For each of the molecules in the training set, you must provide information about the observed biological activity associated with that molecule.

3. Generate conformations

If you are performing a 3D QSAR analysis, you usually need conformational information, which you usually obtain by performing a conformational search. You can choose from a variety of conformation generation methods.

4. Calculate descriptors

QSAR+ calculates a wide variety of spatial, electronic, topological, information-content, thermodynamic, conformational, quantum mechanical, and shape descriptors. QSAR+ gives you the ability to modify existing descriptors and the combination of descriptors in a descriptor set. You can create or import new descriptors from other Cerius² modules such as Molecular Field Analysis (MFA) and Receptor to meet your specific requirements.

5. Explore the data

You can generate graphs to depict descriptor distribution. If holes exist in descriptor sets, you can choose new compounds to fill the holes. You can also display correlation matrices to assist you in identifying descriptors that are highly correlated and histograms and rune plots to help you examine the uniformity of your data. Descriptive statistics are available to further characterize descriptors. Additionally, you can transform and normalize descriptors, as appropriate. You can also carry out principal components analysis (PCA) and cluster analysis to further characterize your data.

6. Generate a QSAR equation

After you identify the appropriate dependent and independent variables, you can choose from several statistical methods for generating a QSAR equation. These include multiple linear regression, partial least squares (PLS), simple linear regression, stepwise multiple linear regression, and principal components regression (PCR). Additionally, if the genetic function approximation (GFA) functionality is installed, you can also perform a genetic analysis, either GFA or G/PLS, to create a QSAR equation.

7. Validate the equation

You can apply validation techniques to identify outliers and leverage points. You can also use graphic analyses and crossvalidation to characterize the robustness of the QSAR.

8. Analyze the equation

You can use graphical tools to plot observed vs. predicted activities and to identify outliers. You can also generate 3D plots to visualize the positions of important 3D-QSAR descriptors from Molecular Field Analysis (MFA) or Receptor Surface Analysis (RSA) in relation to the molecules.

9. Save the QSAR equation

You can save calculated QSAR equations in QSAR+ equation databases for later use.

10. Predict activity

You can now use a calculated QSAR equation to predict biological activity of compounds. In Cerius²·QSAR+, you can simply draw a candidate structure, add it to your study, apply your calculated QSAR equation, and immediately view the predicted activity.

11. Save the study

When you are finished with your study, you can save the entire QSAR analysis, including all its component structures and conformations, for later review and use.

Using QSAR+

Cerius²·QSAR+ does not impose a specific order in which you must perform various tasks. Instead, QSAR+ attempts to meet the needs of users who are both novices at and experienced with the QSAR generation process.
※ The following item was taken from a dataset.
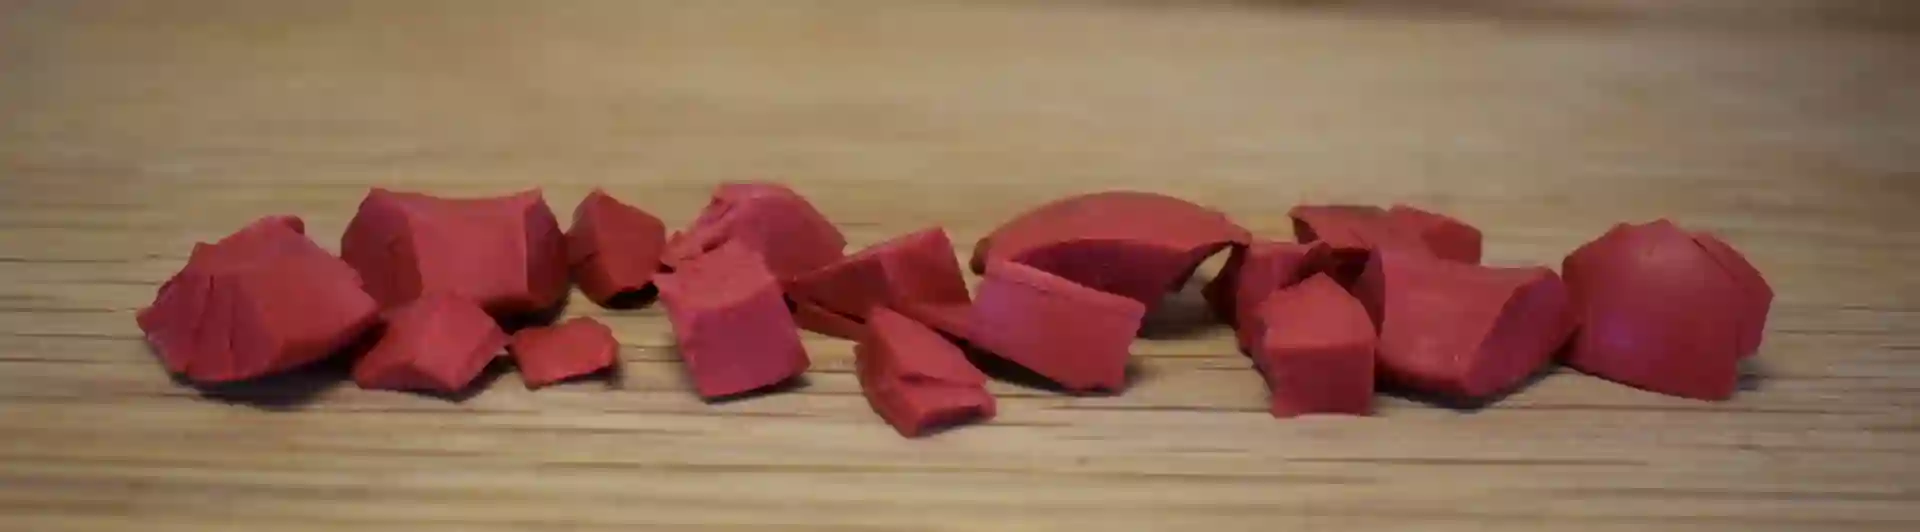 Små bitar av röd kong som används vid specialsök.
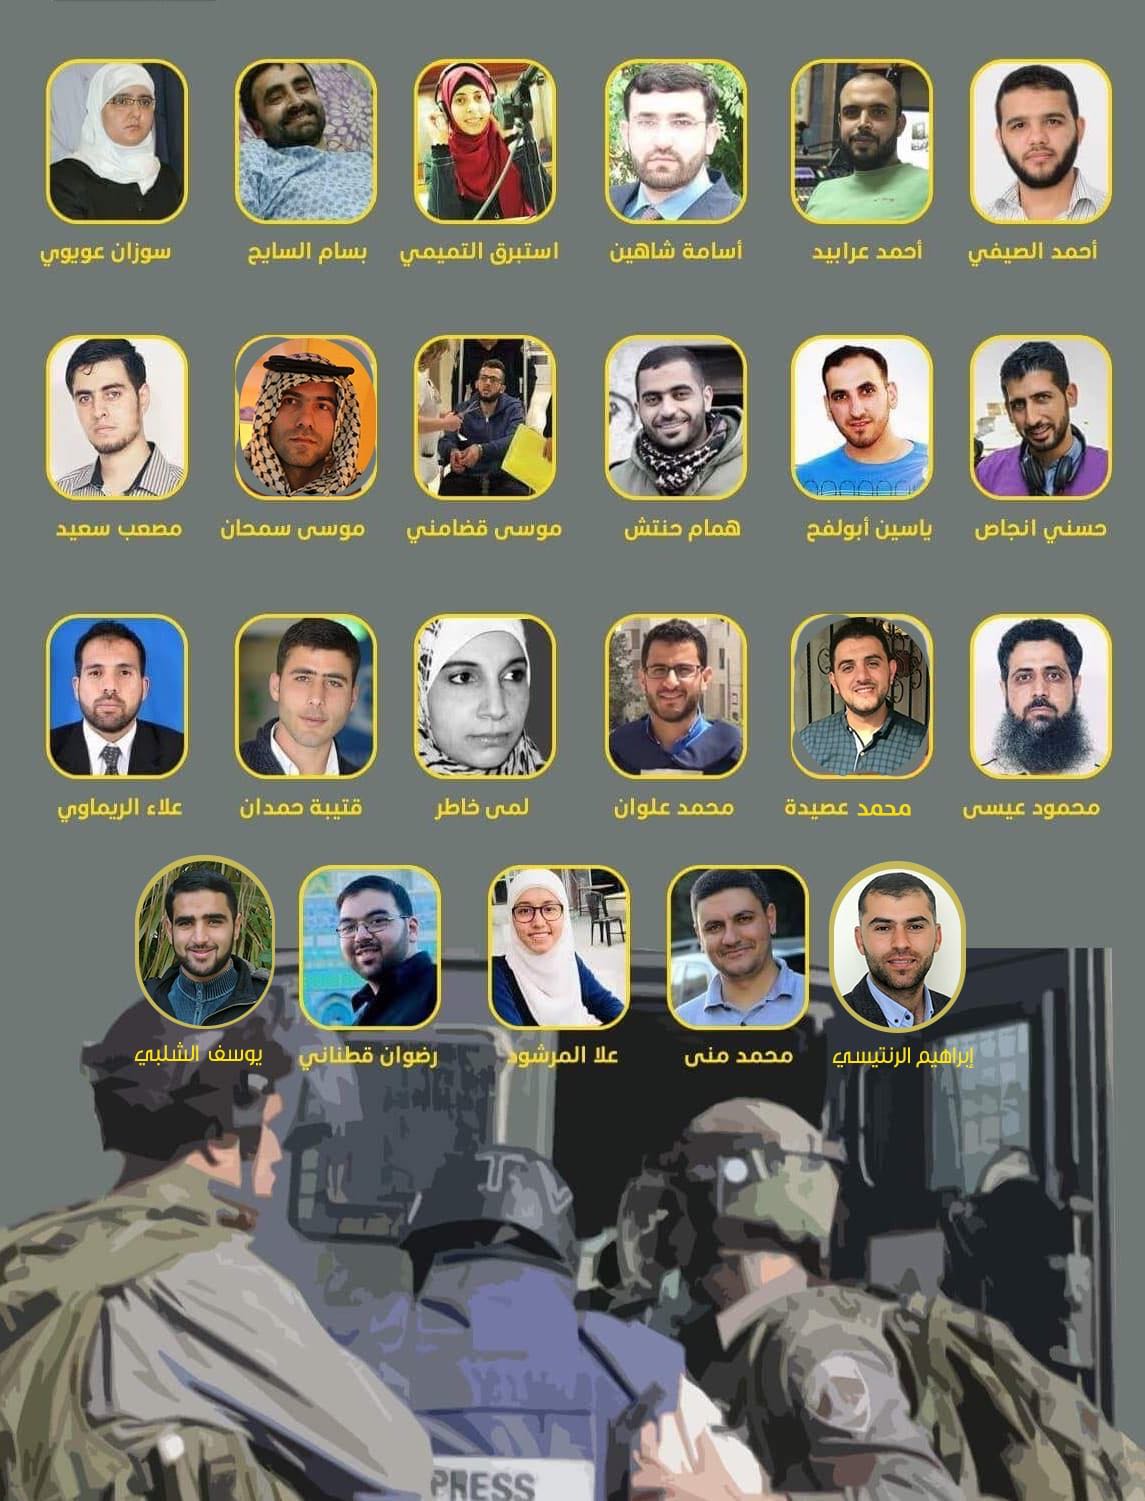 الصحفيون الفلسطينيون في سجون الاحتلال الصهيوني

All the QSAR+ commands can be accessed from the menu cards in the QSAR card deck. (The menu cards in this deck can vary, depending on the modules you have licensed). More experienced users can select items from these cards and perform tasks in the order that best suits the type of analysis that they want to perform. By selecting items from these cards, more experienced users (as well as those novice users who want to do so) can also change various settings to better meet their needs, as well as control the amount of processing performed automatically by QSAR+.

Before you begin

The software must be ready. That is:

: The appropriate Cerius² software must be installed and running.
: A properly licensed copy of QSAR+ must be installed.

Creating a training set

You create a training set to enter into Cerius² the chemical structure for each of the molecules to be used in building a QSAR. You can build these structures using the various Cerius² building and sketching tools. Alternatively, you can load structural data from files in a variety of common formats generated by other molecular modeling and chemical database software. In this session you will load molecules already saved in Cerius² Resources directories, specifically, a set of dopamine beta-hydroxylase inhibitors.

1. Load the molecules into Cerius²

Starting with a new Cerius² session, select the File/Load Model menu item in the Cerius² Visualizer panel and use the file browser to navigate to the directory Cerius2-Resources/EXAMPLES/DBH.

Starting with a new Cerius² session, select the File/Load Model menu item in the Cerius² Visualizer panel and use the file browser to navigate to the directory Cerius2-Resources/EXAMPLES/DBH.

Select all the .msi models contained in this directory, from dbh02 to dbh52, and click LOAD to load them into Cerius².

Select all the .msi models contained in this directory, from dbh02 to dbh52, and click LOAD to load them into Cerius².

A total of 47 models should be loaded and also listed in the Cerius²Model Manager.

2. Load the molecules into the QSAR study table

Select the QSAR deck of cards and select the Show Study Table menu item on the QSAR card. This opens the QSAR Study Table control panel.

Select the QSAR deck of cards and select the Show Study Table menu item on the QSAR card. This opens the QSAR Study Table control panel.

Select the Molecules/Add All menu item in the study table to add all the molecules in the Models window to the study table. You can also do this by clicking the add molecules icon in the study table toolbar.

Select the Molecules/Add All menu item in the study table to add all the molecules in the Models window to the study table. You can also do this by clicking the add molecules icon in the study table toolbar.

As each molecule is added, QSAR+ automatically calculates charges, adds hydrogens, and performs an energy minimization. Charge calculation, hydrogen addition, and energy minimization are performed according to the default values or user-specified criteria for performing each of these tasks.These default settings can be modified by selecting the Preferences/Molecules menu item in the study table menubar.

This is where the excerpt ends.